The logical NOT is one data scientists are probably pretty familiar with. It means “the opposite of”. In code, it’s often represented by an exclamation point (!). In pseudocode, it would be kind of like this:

“NOT very important” = !(“very important”)

By including everything that wasn’t “very important” in the “NOT very important” heading, Pew Research Center has used a logical NOT.

But wait! Included in the “NOT very important” category is the answer “somewhat important”. This is where we run into the semantic NOT, and a pretty serious issue with this data set.

If you were having a conversation with someone and told them something was “not very important", you would most likely perceive that thing as somewhere below neutrality on the “important” scale.
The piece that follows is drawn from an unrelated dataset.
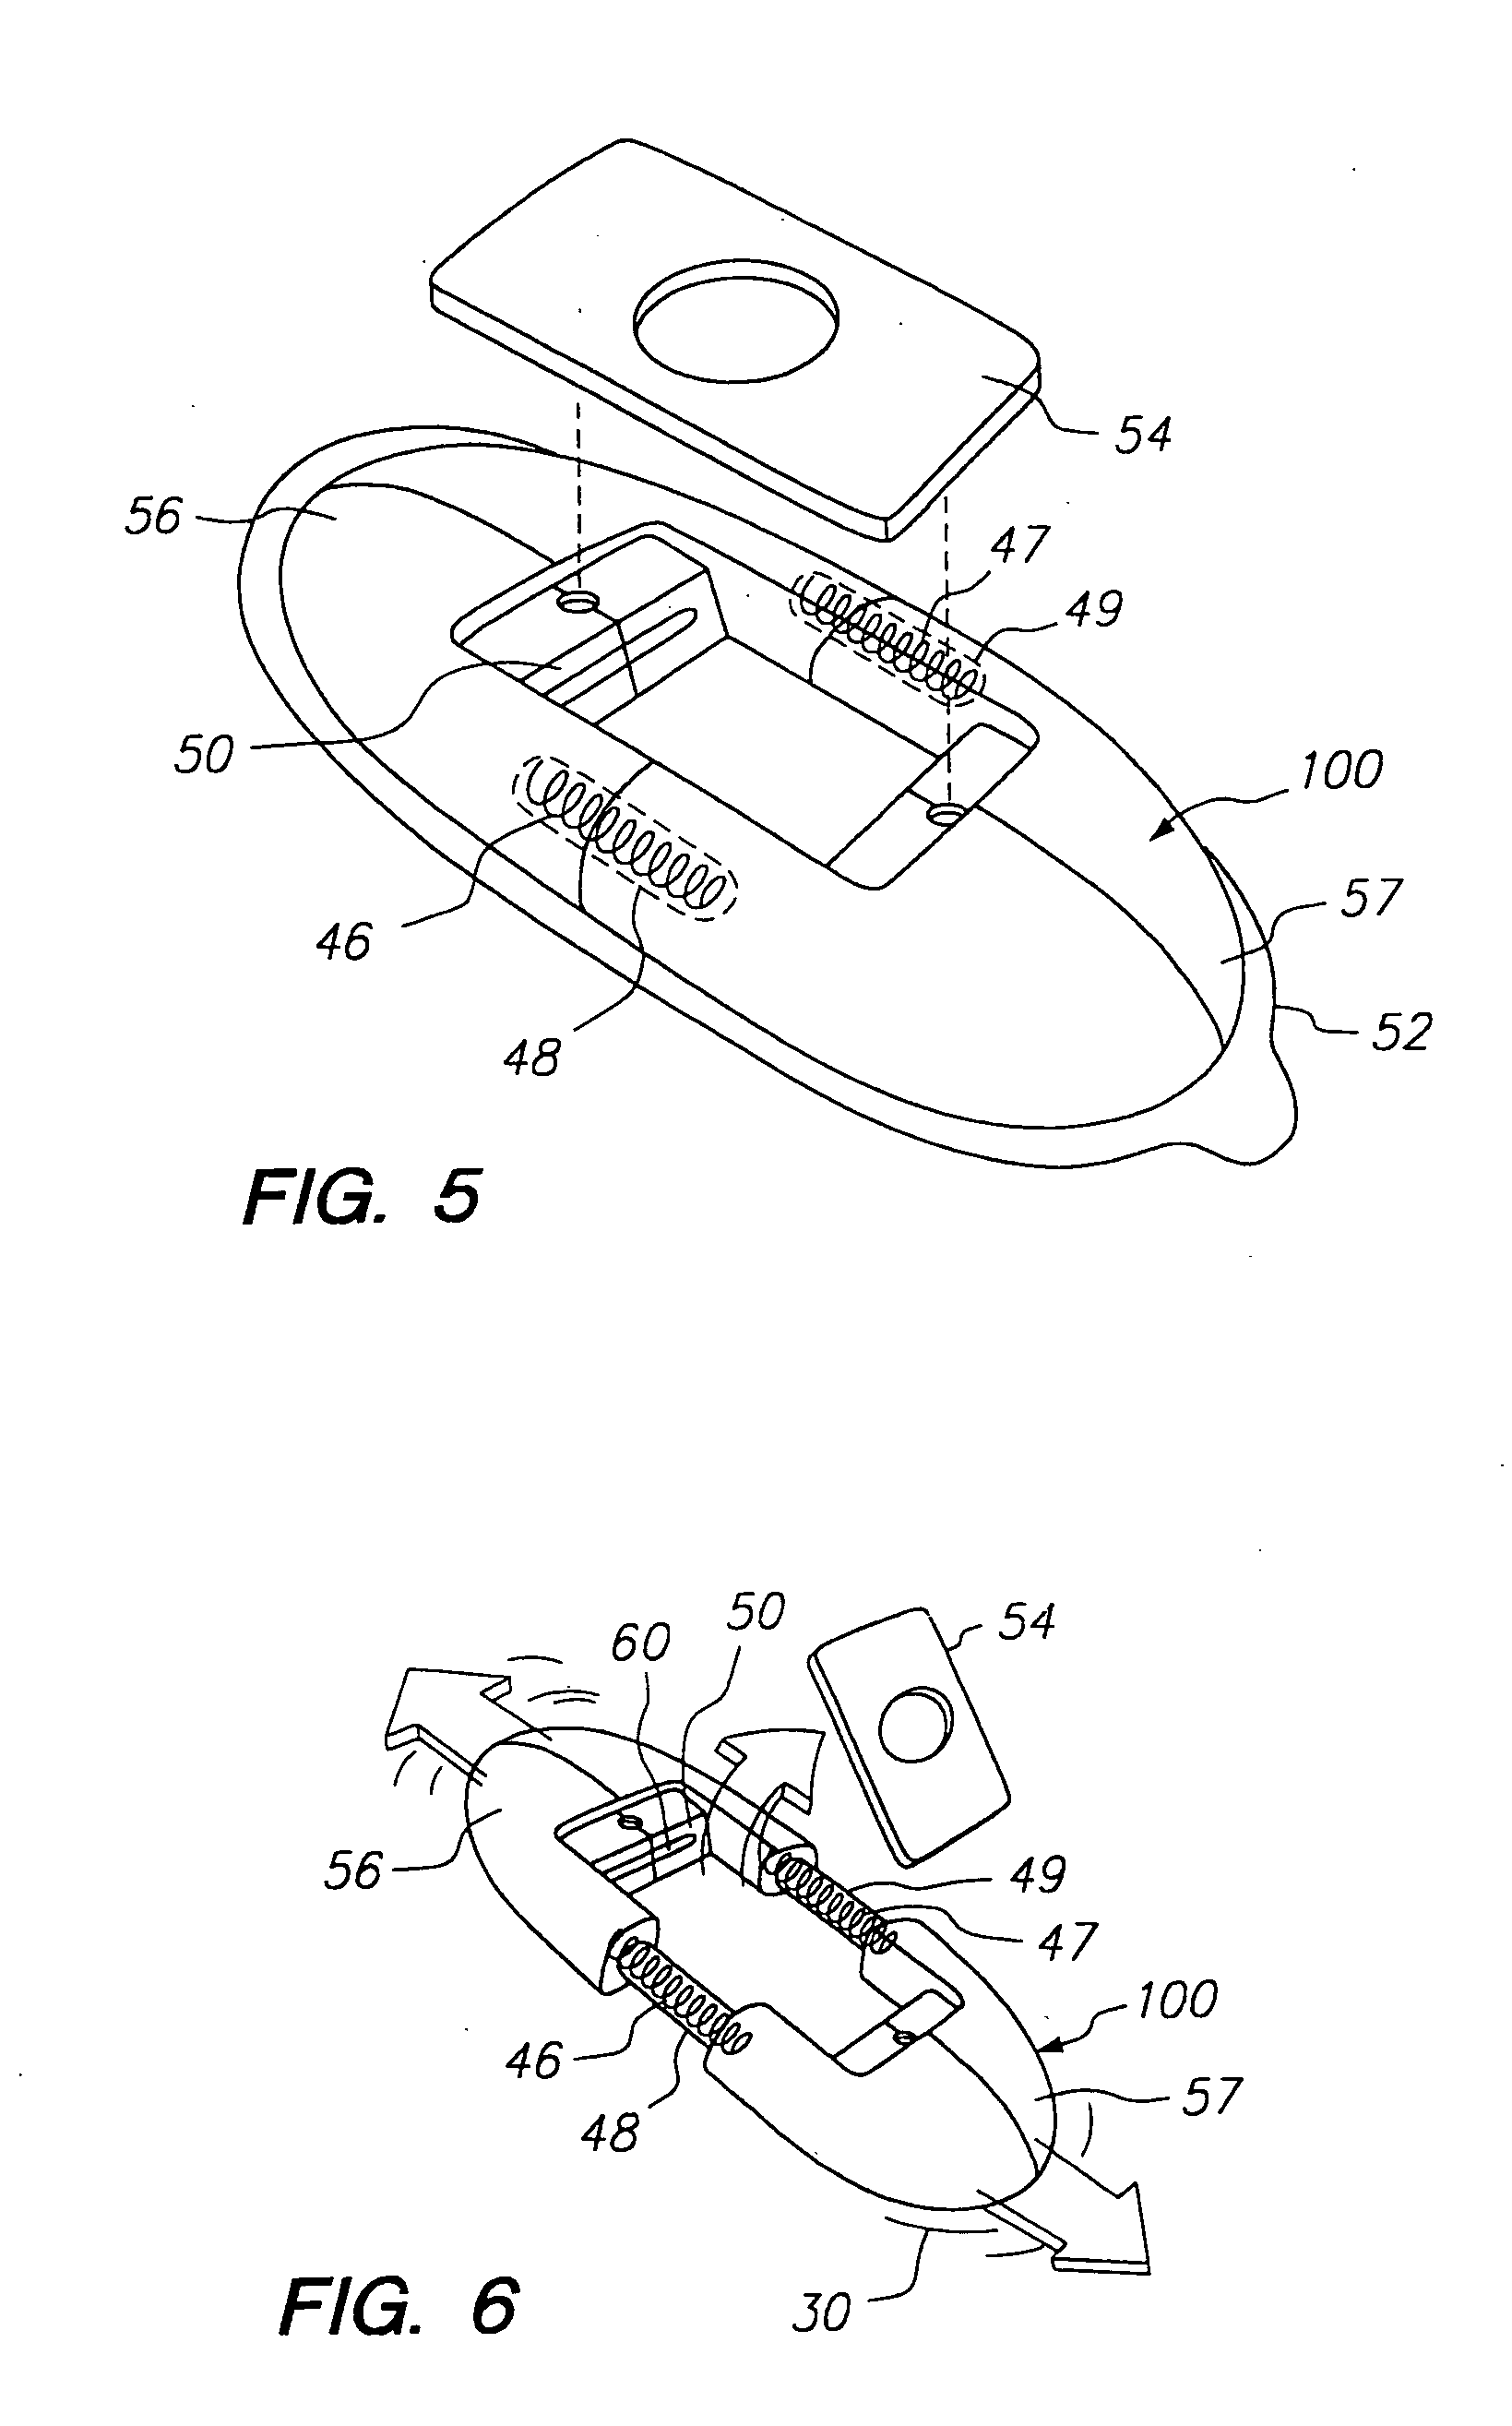 Device and method for enhancing skin piercing by microprotrusions

A little like this:

[ not important at all ] - [ not very important/not too important ] - [ somewhat important ] - [ very important ]

But that’s not at all what this data set says. There’s a really big difference between “eh, that’s not very important” and “oh sure, it’s important, just not VERY important”. And if you conflate the two in Pew’s research, you could end up with some harmful conclusions.

What to avoid saying

We are not, in this particular challenge, given any sort of indication of the scale of the actual number of respondents to Pew’s question, or how many respondents fall into each category of religion being “somewhat”, “not too”, or “not at all” to them. So based solely on the data set, we cannot make any sort of generalization about whether attitudes towards religion on the whole affect peoples’ views on homosexuality.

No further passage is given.